Changing the Channel
Yuriy Alexsandrov, a PCTV production coordinator, helps to produce cable access shows like Steel City Sports World

In a recent episode of Traci the Trailer Trash Girl, the host said "fuck" 131 times in 60 minutes.

Previously, she has called Pittsburgh City Council a "bunch of assholes," and discussed her preference for "8-inch dicks." She frequently shouts the phrase "poopy dirt."

"Traci" -- a.k.a. Harold Keller -- is a self-described "foul-mouthed, mean drag queen"; her mix of standup comedy and social commentary is brought to you by public-access television. In fact, two years ago she moved to Beechview, to take advantage of Pittsburgh's public-access station, PCTV, after being bounced from a station outside the city for being too offensive.

However you feel about her program, unscripted commentary delivered by a 57-year-old man in a blonde wig, black pleated dress, Mary Jane heels and smeared blue eye shadow and lipstick is protected -- to a point -- by the very nature of public access television.

Which is both the best and, arguably, the worst thing about it.

"You may not like something you hear or see, but someone else may love it and it speaks to them," says John Patterson, executive director of PCTV. "We try to be an outlet for free speech or community-relevant programs that provide some sort of value." But, he adds, those two goals "don't always mesh that easily."

Patterson, who was hired by the station in August 2009, is trying to change that.

Since he took over, he's switched the station to a "block programming" format, with 25 categories including education, history, health and lifestyle, to films and documentaries and environmental and youth programming. The format debuted in July and is meant to deliver more diverse shows and encourage producers to "really think about what they're producing." The programming grid will change every six months.

Previously, any kind of program might be on the station at any given time. Now, however, viewers can expect to see certain kinds of programming in certain time slots: religious programming on Sundays, for example, kids shows on Saturdays or commentary shows like Traci's late at night. Traci's program airs either at midnight or in the early morning hours since it's considered adult programming. The new format also helps station leaders to identify subjects that lack programming.

Prior to the block format, Patterson says, producers participated in a "senseless lottery," essentially picking out of a hat to choose a slot.

"There was no thought given to what that program was or how it might best fit in," Patterson says.

The channel also streams live online at and is working on offering shows on-demand. Patterson is also trying to obtain a second channel.

He has also sought to bulk up the programming with contributions from area cultural groups and nonprofits.

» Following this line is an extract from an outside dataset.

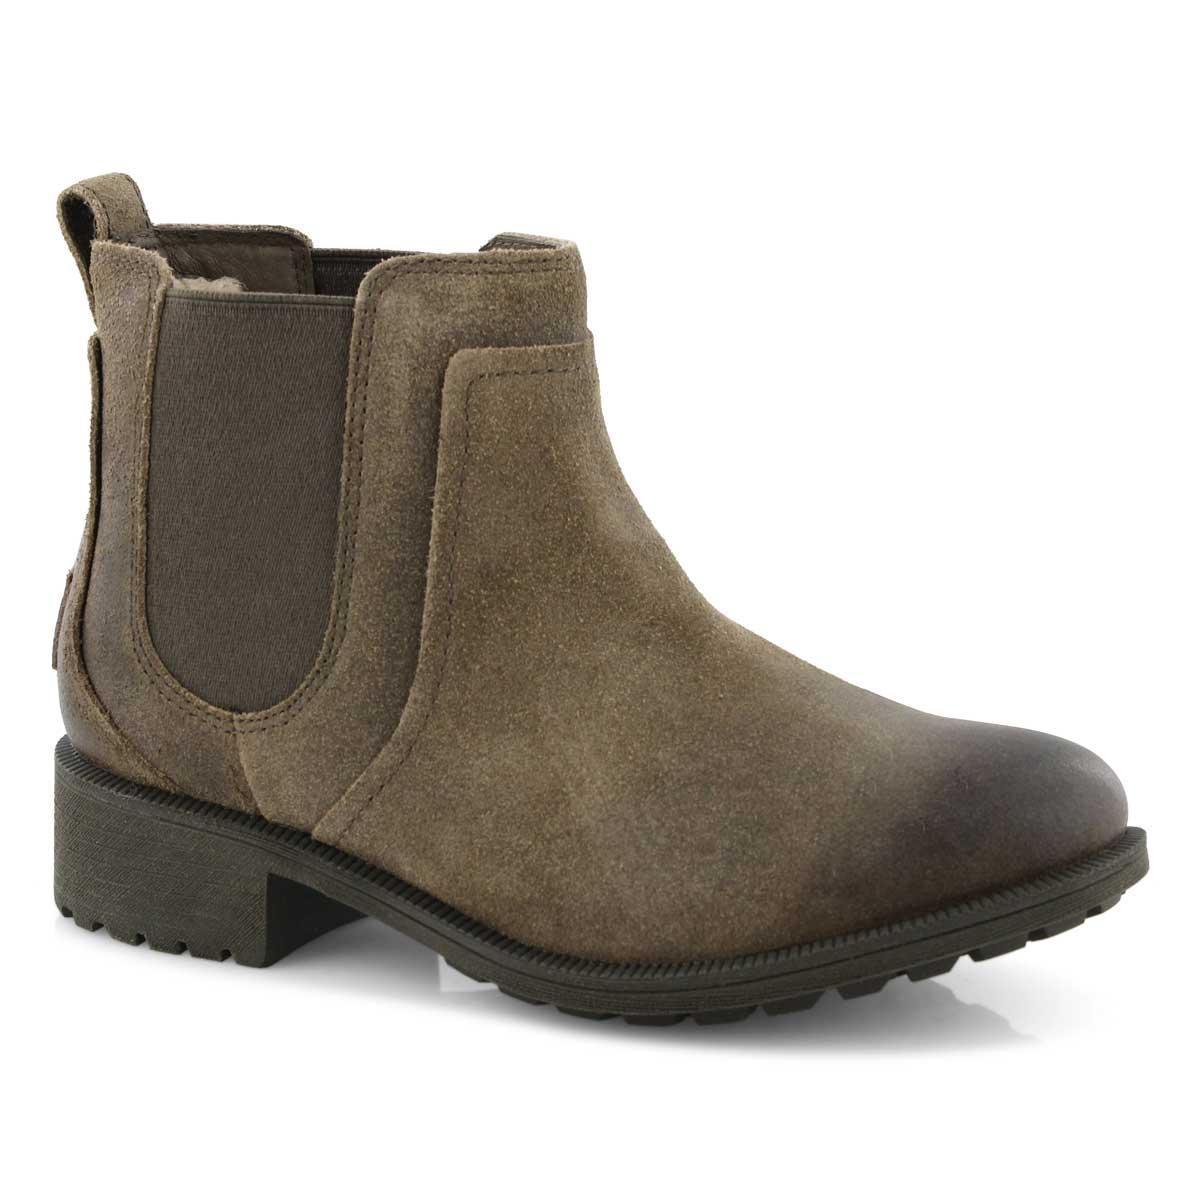 5b2c44e427c Women's BONHAM II dove waterproof chelsea boots

For example, Kristin Garbarino, of the Pittsburgh Public Theater, and Dave Rodkey recently started producing Theater Talk, a segment on the city's theater scene. PCTV also broadcasts cityLIVE -- a series of topical discussions hosted at the nearby New Hazlett Theater -- and airs a program sponsored by Pittsburgh Filmmakers called Pittsburgh Reframed, a series of short films about the city.

Such programming enhances the station's offerings, Patterson says: "We have the ability to produce programming, but we need content and we need people who are experts in certain areas." And there's something in it for the nonprofit groups, too.

Being on the public-access channel "certainly gives added credibility to what we're doing rather than say 'we're doing a theater show, meet us in the basement,'" Rodkey says. "We have guaranteed air time and they put the clips online.'"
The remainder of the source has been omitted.